By using these positive alcohol frames, student journalists could contribute to the construction of the “alcohol as a rite of passage” philosophy, which tends to normalize heavy drinking. In addition, because of the prominence of the alcohol issue in both negative portrayals and portrayals of alcohol as a typical part of college life, it is possible that some agenda-setting effects could take place on campus. Though students may not agree with what the IDS writes, they will certainly pick up that the IDS staff thinks alcohol is an important issue.

Additionally, alcohol is viewed not as a public health problem, but as a public policy problem by the student press. Students who read the newspaper would hear only rarely from health experts about the implications of alcohol use or abuse. Yanovitzky and Stryker (1996) assert that mass media can teach consumers about the social acceptability of risky health behaviors. But on this issue students, at least at Indiana University, are not receiving health-related information about alcohol from the newspaper. The gap is wide between how alcohol is covered in student media and how researchers and top U.S. health officials think about the issue. This gap suggests that perhaps the student newspaper is not providing the information students need to make healthy choices about alcohol. This could be an area of focus for unions and activities departments looking to find a niche for their alcohol awareness programs. Additionally, if health officials worked to portray alcohol as a public health issue instead of as a policy problem, they might meet with less resistance from students.

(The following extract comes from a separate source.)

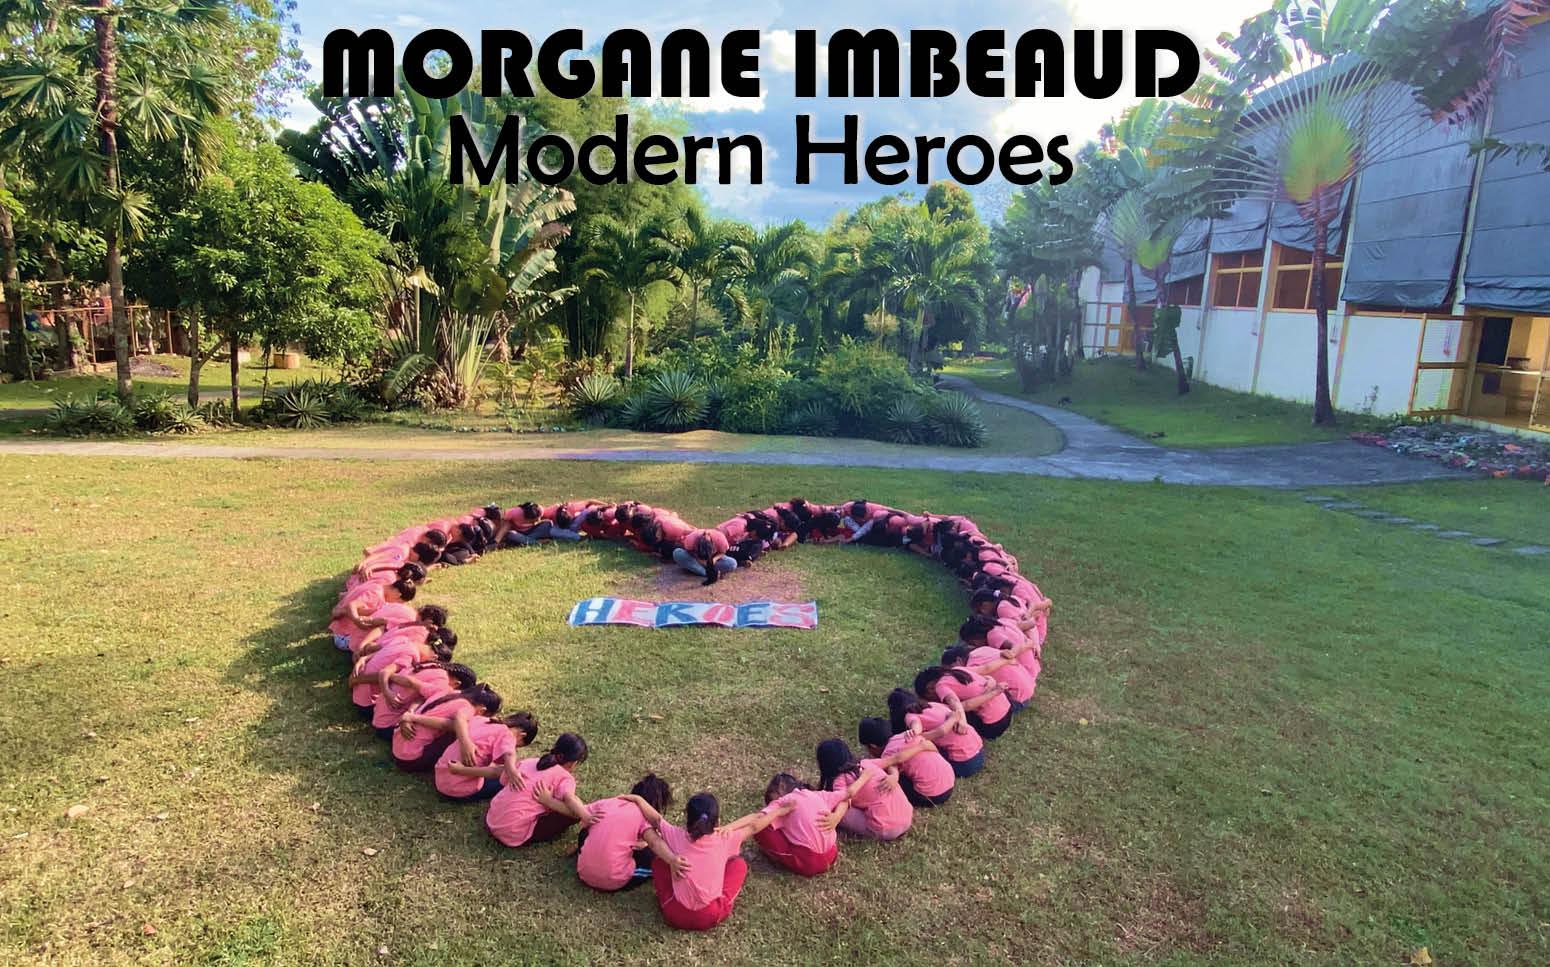 Modern Heroes – Morgane Imbeaud

These results illustrate content patterns, at least at one college paper, and can give advisors a place to begin discussions with their student reporters and editors about fair, accurate, balanced, and responsible coverage of serious issues like alcohol abuse. The College Media Adviser’s Code of Ethical Behavior says that control of student media content should be in the hands of student journalists. But the CMA code also says that “Faculty, staff, and other nonstudents who assume advisory roles with student media must remain aware of their obligation to defend and teach without censoring, editing, directing or producing” (¶ 8). This is a fine line for advisors to walk. One way advisors can help students to adhere to professional standards when covering the alcohol issue is to provide feedback in written critiques of the newspaper, encouraging students to source articles in a fair and balanced way and to consider both the public health and public policy angles of alcohol abuse. Advisors can also serve as institutional memory for students regarding alcohol use on campus. Student turnover means that their collective memory is short, but advisors can remind student reporters and editors of older news stories, encourage them to include health information in their news reports, and push them to produce news reports with greater depth. Most student newspapers aspire to produce a professional quality newspaper. In sum, advisors should help students reach this goal by teaching professional practice in a way that maximizes student learning.